NHC Rapid Assessment
A rapid assessment exercise was conducted to track the achievements of the NHCs in relation to their planned activities. Data is available for 12 districts.

Operations Research
Operations research activities are conducted to guide and inform the NHC strengthening package. The main objective of the research was to determine which approach is most effective in terms of cost and impact for NHC strengthening and community action for the promotion of health and prevention of diseases.


Outputs

  • NHCs formed in 72 districts
  • 5,394 participants trained in community partnerships building and PLA approach
  • 1,460 NHC Action Plans developed
  • Catchment populations of about 2.9 million people reached (about 30% of Zambia's population)
  • 26 Distance Education Radio Program episodes have aired for 4, 6-month cycles. 5th round in progress. 5,000 NHC members registered to participate in each round.
  • Thirteen episodes of "Community Health with Sister Evelina" (follow-up show to the Distance Education Radio Program) aired per quarter, since June 2001.
  • NHC Information cards have been printed and distributed to new NHC listeners on HIV/AIDS, STDs, TB, Birth Preparedness, Family Planning, Danger Signs in Pregnancy, Malaria in Pregnancy, Mother to Child Transmission of HIV/AIDS, Community Drama, and Health Care Financing.
  • Rapid assessment data available for 12 districts


Impact

The action plans formulated by the NHC were elevated to form part of the health center and district action plans.
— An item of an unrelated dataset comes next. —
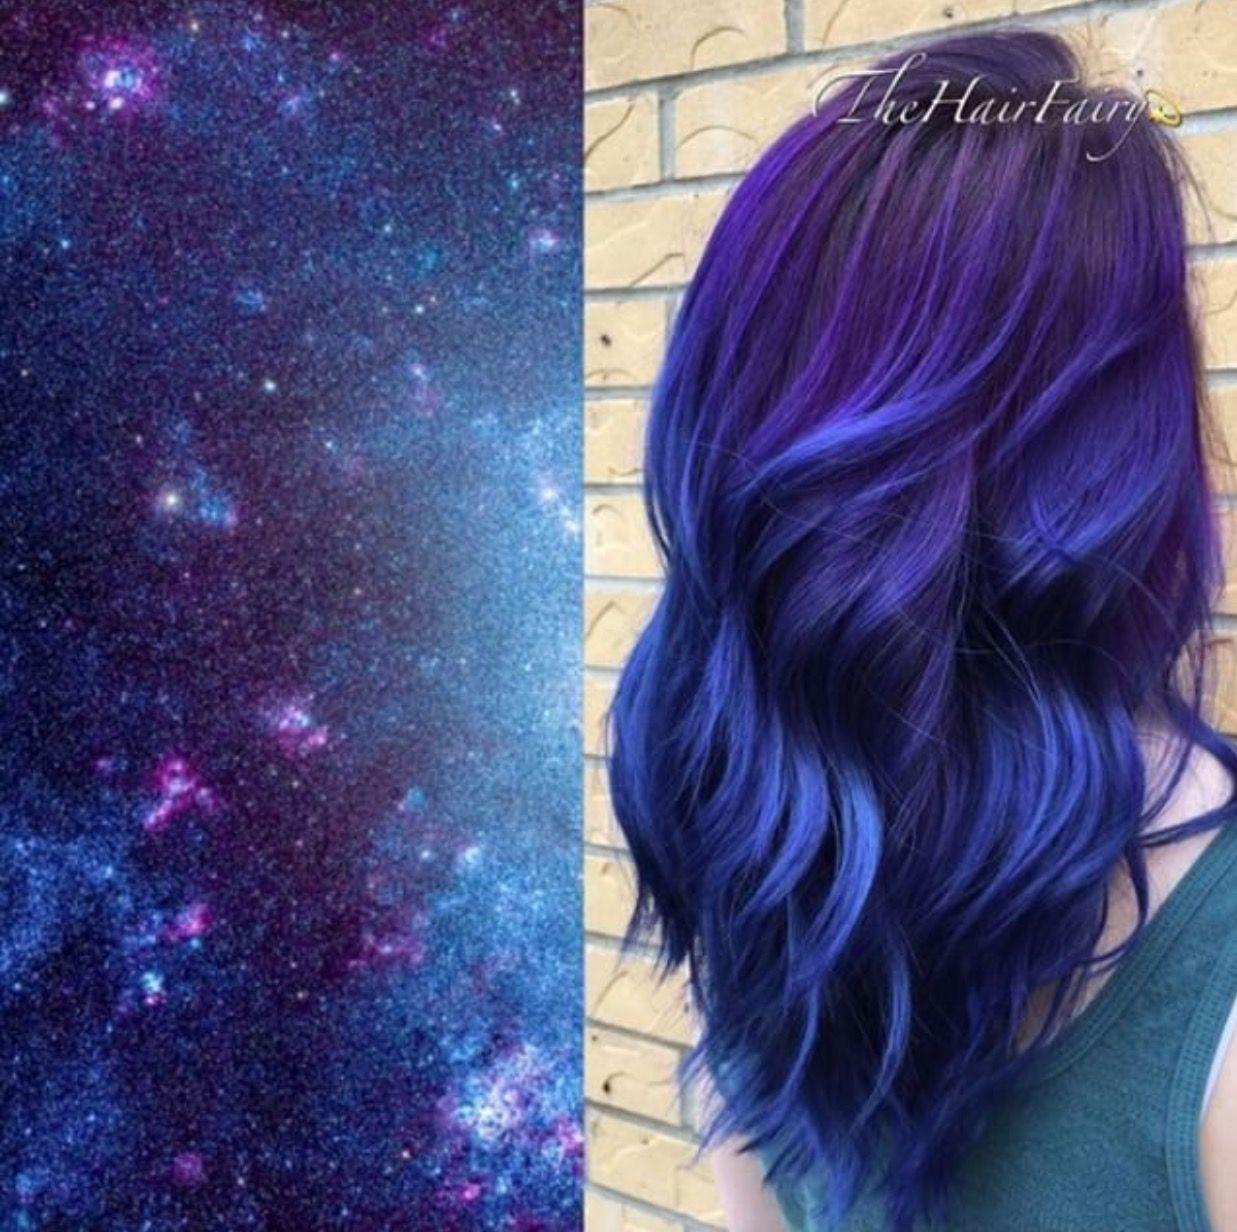 Pin by jillie bean on hair styles pinterest hair style

Preliminary findings from supervisory/field visits show positive changes have taken place, such as:

Additional NHCs have been formed,

More community members are willing to join,

Neighborhoods are cleaner,

Demand for CLORIN information on the (water purification product promoted by NHCs) has increased.


Future Plans

Expansion of operations outside of ZIHP supported districts. ZIHP is working with Action Computers and the DHMTs to create a database at the district level for compiling community level activities. This will help determine which NHCs are active, what activities they are doing, and what levels of training they have achieved in the Essential Health Care Package and Participatory Learning and Action (PLA) techniques.